38. Die Kirche, die berufene Hüterin und Auslegerin des göttlichen
Naturrechts, kann daher gar nicht anders, als die im Zustand notorischer
Unfreiheit erfolgten Schuleinschreibungen der jüngsten Vergangenheit als ein
Zwangsprodukt zu erklären, dem jeglicher Rechtscharakter abgeht.
VIII. An die Jugend
39. Als Stellvertreter Dessen, Der im Evangelium zu einem Jungmann gesprochen
hat: „Willst du zum Leben eingehen, so halte die Gebote“ 32,
richten Wir ein besonders väterliches Wort an die Jugend.
40. Von tausend Zungen wird heute vor euren Ohren ein Evangelium verkündet,
das nicht vom Vater im Himmel geoffenbart ist. Tausend Federn schreiben im
Dienst eines Scheinchristentums, das nicht das Christentum Christi ist.
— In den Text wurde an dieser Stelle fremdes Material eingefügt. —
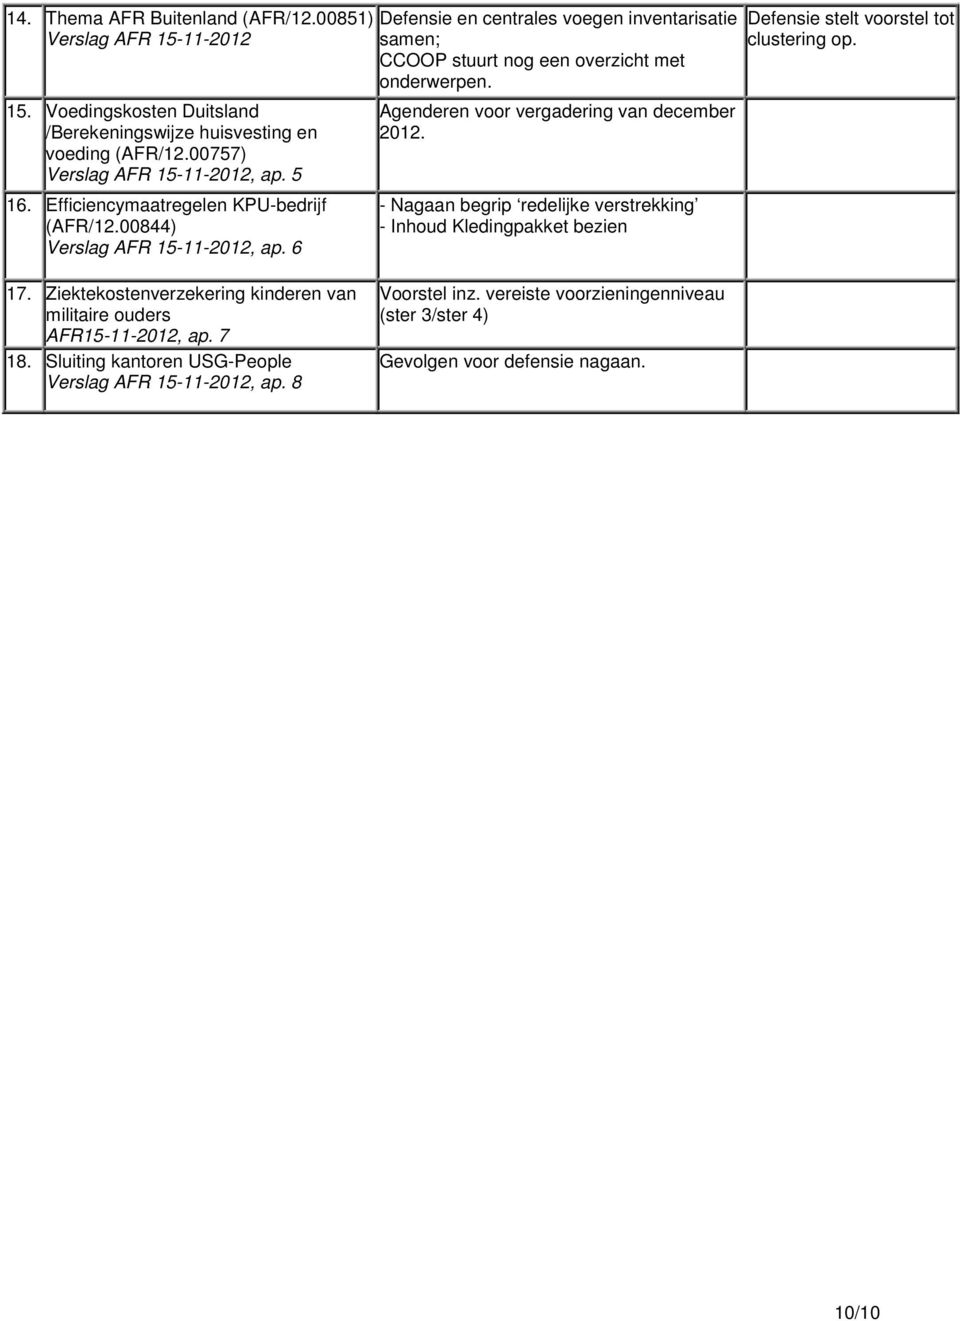 Agenderen voor vergadering van december 2012. - Nagaan begrip redelijke verstrekking - Inhoud Kledingpakket bezien Defensie stelt voorstel tot clustering op. 17.

Druckerpresse und Radio überschütten euch Tag für Tag mit Erzeugnissen glaubens-
und kirchenfeindlichen Inhalts und greifen rücksichtslos und ehrfurchtslos an,
was euch hehr und heilig sein muß.
41. Wir wissen, daß viele, viele von euch um der Treue zu Glauben und Kirche,
um der Zugehörigkeit zu kirchlichen, im Konkordat geschützten Vereinigungen
willen düstere Zeiten der Verkennung, der Beargwöhnung, der Schmähung, der
Verneinung eurer vaterländischen Treue, vielfacher Schädigung im beruflichen und
gesellschaftlichen Leben ertragen mußten und müssen. Es ist uns nicht unbekannt,
wie mancher ungenannte Soldat Christi in euren Reihen steht, der trauernden
Herzens, aber erhobenen Hauptes sein Schicksal trägt und Trost findet allein in
dem Gedanken, für den Namen Jesu Schmach zu leiden. 33
42. Heute, wo neue Gefahren drohen und neue Spannungen, sagen Wir dieser
Jugend: „Wenn jemand euch ein anderes Evangelium verkünden wollte als jenes, das
ihr empfangen habt“ auf den Knien einer frommen Mutter, von den Lippen eines
gläubigen Vaters, aus dem Unterricht eines seinem Gotte und seiner Kirche treuen
Erziehers – „der sei ausgeschlossen.“ 34
Wenn der Staat eine Staatsjugend gründet, die Pflichtorganisation für alle sein
soll, dann ist es, unbeschadet der Rechte der kirchlichen Vereinigungen,
selbstverständlicher und unveräußerlicher Rechtsanspruch der Jungmannen selbst
und ihrer für sie vor Gott verantwortlichen Eltern, zu fordern, daß diese
Pflichtorganisation von all den Betätigungen christentums- und
kirchenfeindlichen Geistes gesäubert werde, die bis in die jüngste
Vergangenheit, ja bis in die Gegenwart herein die gläubigen Eltern in unlösbare
Gewissenskonflikte zwingen, da sie dem Staat nicht geben können, was im Namen
des Staates verlangt wird, ohne Gott zu rauben, was Gottes ist.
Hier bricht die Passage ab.